Before starting college, Lim’s life was baseball. After joining a team of five year olds at the age of four, Lim continued playing baseball well into his high school career where baseball served as his main extra-curricular commitment. Upon entering Swarthmore as a member of the baseball team, Lim immediately became involved in even more extracurricular activities and is now a member of multiple groups on campus like RnM or Sixteen Feet, works for admissions, and has been an RA for the past two years. Although Lim has been able to successfully juggle an assortment of activities and become an active member of the Swarthmore community, he felt that this was unappreciated and even discouraged by his coaches.

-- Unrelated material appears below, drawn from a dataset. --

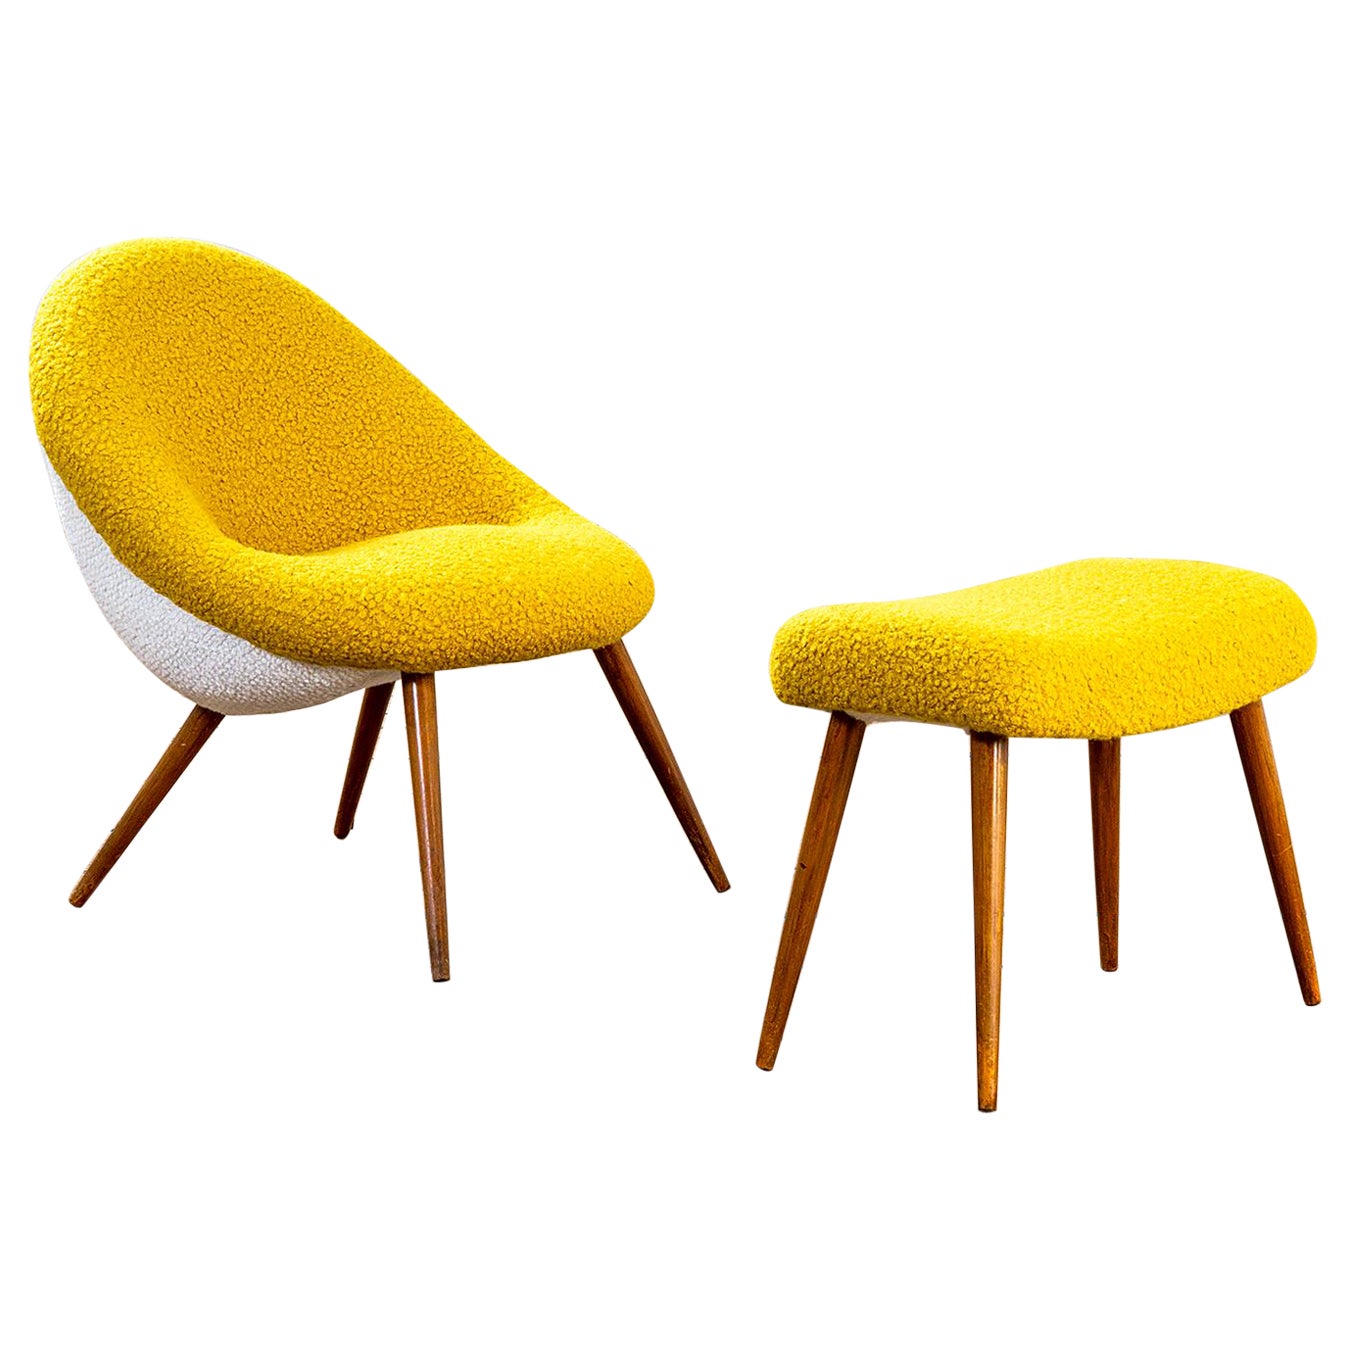 Set aus Sessel und Fußhocker aus Holz und Stoff aus dem 20. Jahrhundert

“The coaches had this idea that I wasn’t dedicated [to baseball] because of all of the other things I was doing and I think that really colored how they viewed me. I remember when I told them I had just started RnM, they were upset,” Lim explained. “Sports should support what you’re doing on campus and be something that supports your learning here in order for you to become the type of person Swarthmore wants you to become, and it wasn’t.”

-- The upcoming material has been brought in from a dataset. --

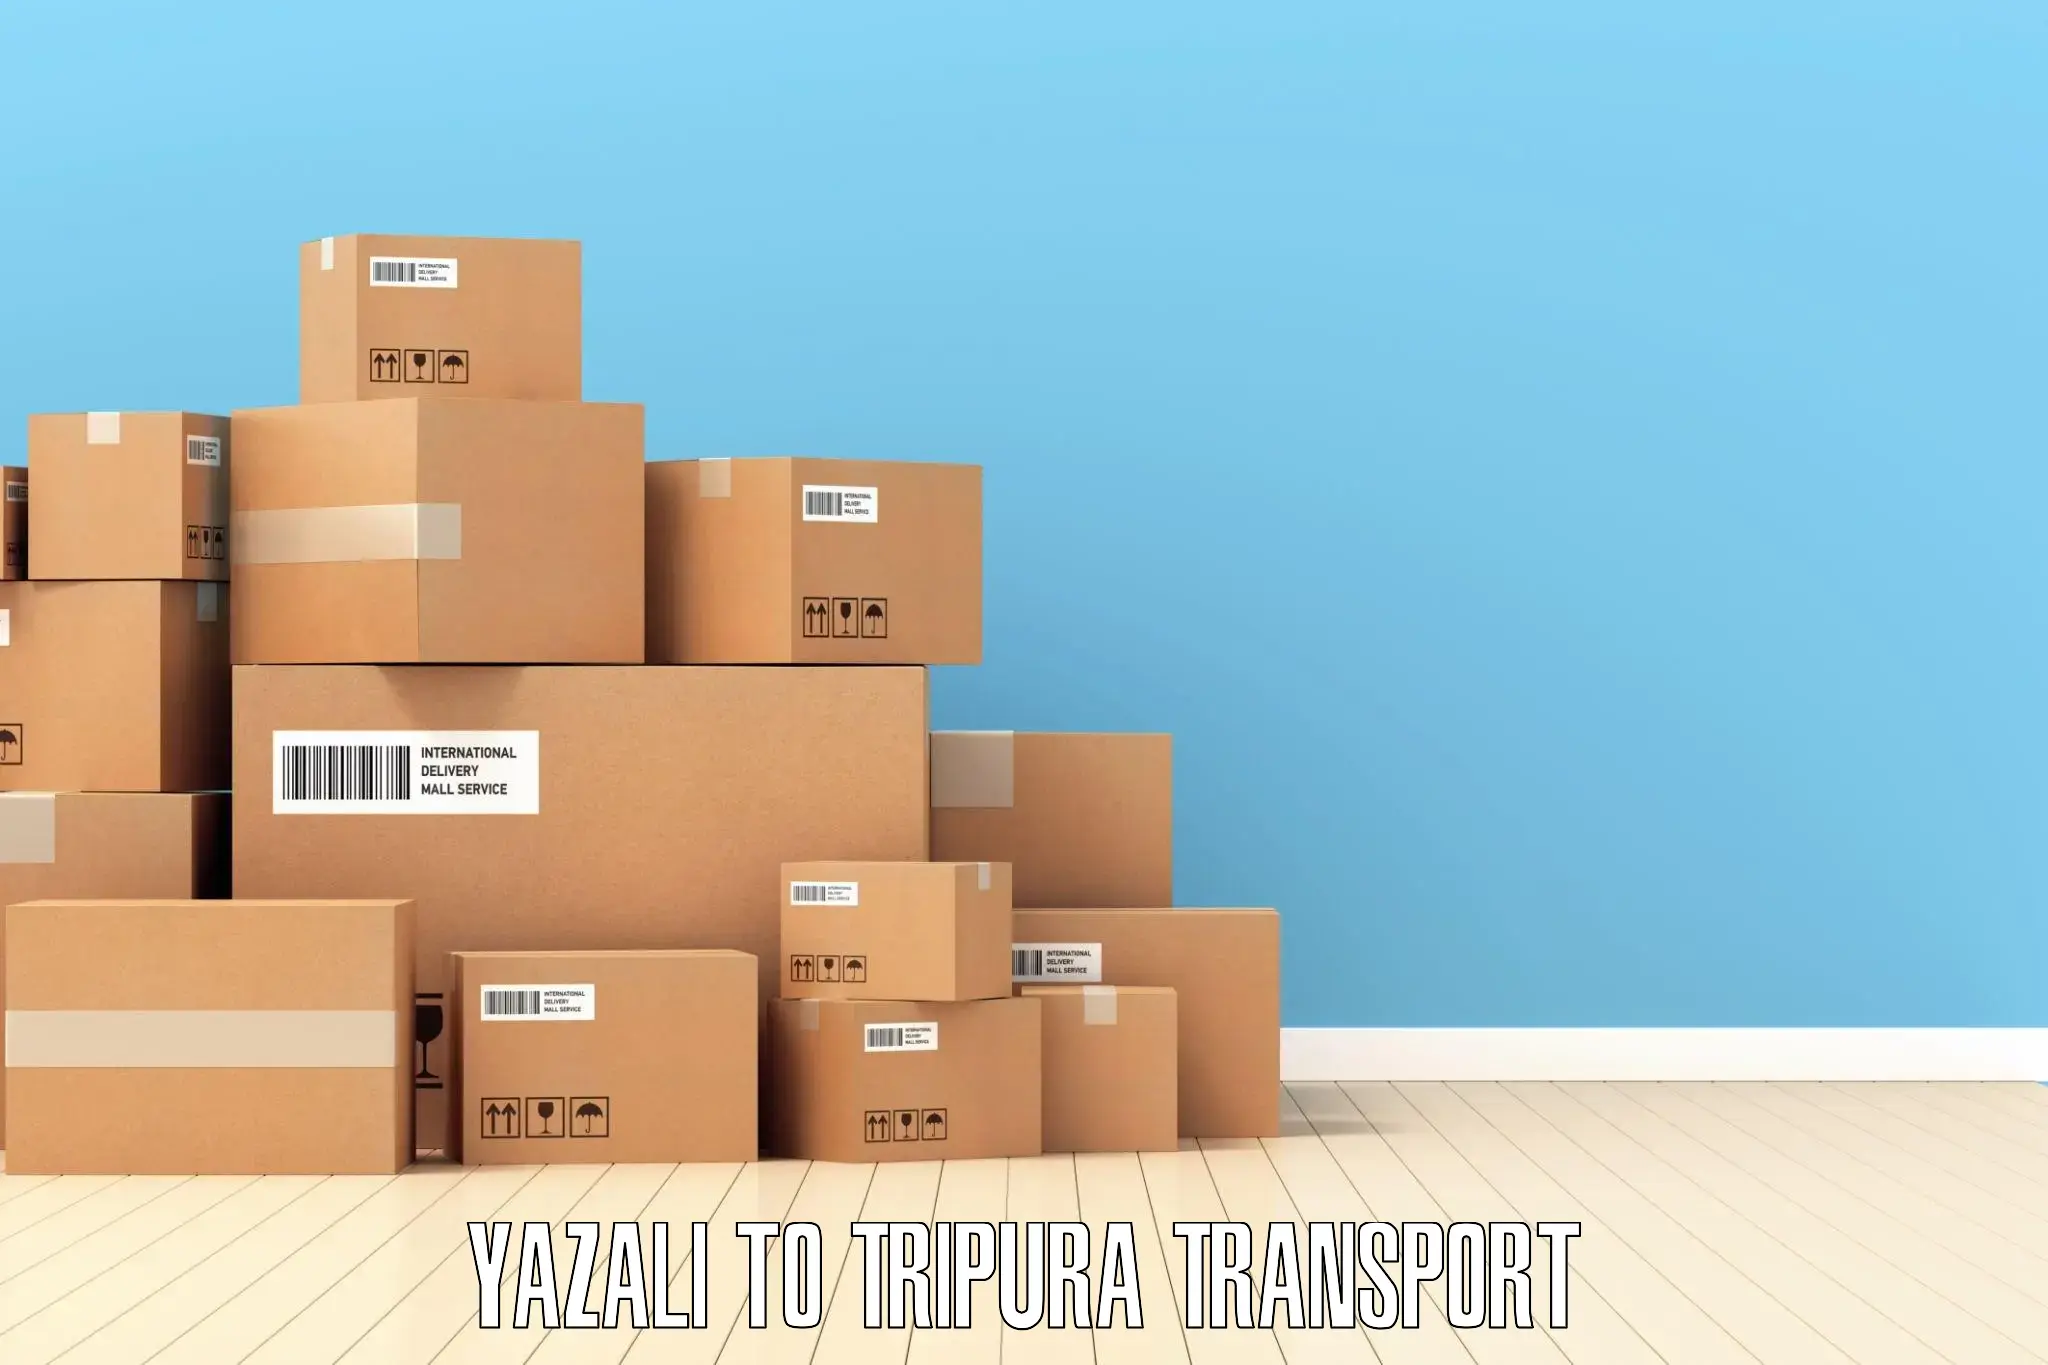 Daily parcel service transport Yazali to South Tripura

Sammy Greenwall ’18, a former forward on the men’s basketball team, had views similar to Lim’s about how competing on a varsity team began to compromise his involvement with academics and other activities on campus. Specifically, Greenwall faced the inability to choose the courses he wanted to take due to pressure from coaches about not selecting times of courses that interfered with practice.

“I thought the whole idea of coming to Swarthmore was to expand your academics and intellectual intake, and I thought that was totally getting compromised,” he said. “Generally speaking for all athletes, I think this makes them gear toward the side of taking easier classes that fit into their schedule because they have this athletic mentality — they don’t have to stress about classes as much but they prioritize the sport at a DIII level more than academics.”

Luke McCartin ’17, a former guard on the men’s basketball team who also quit this past fall, echoed Greenwall’s sentiments.

“That’s why I specifically wanted to play at a DIII school, because I always thought that we were going to be working hard on the court but that classes always came first,” he said. “But it felt like everyone needed to make way in their schedule for the practices.”

Olivia Cheng ’17, a former member of the women’s tennis team, also cited the dichotomy between the coaches’ and athletes’ perspectives as one of the main reasons why she left the team.

“I think there was a conflict of incentive,” Cheng said. “I think the coaches have to realize that it’s a DIII sport and that they’re not coaching people who get recruited to DI schools. These players got recruited to Swarthmore which means that [sports aren’t] the most important thing coming in. The players who go to Swat don’t focus on [sports] they focus on academics and that was a conflict in itself.”

The discrepancy between what players and coaches wanted from one another was echoed throughout the ex-athlete community. However, while they were present, active members of the team, the athletes felt uncomfortable raising their voices and bringing up issues they had with how their coaches ran practices and those who did, often saw no change.

“I know some of the other girls brought up things with our coach but there was never really change,” Cheng said.

Oscar Leong ’16, a former pitcher on the baseball team, also found his experiences with the coaches problematic. Specifically, he thought that the coach’s views differed from his own and others’ on the team.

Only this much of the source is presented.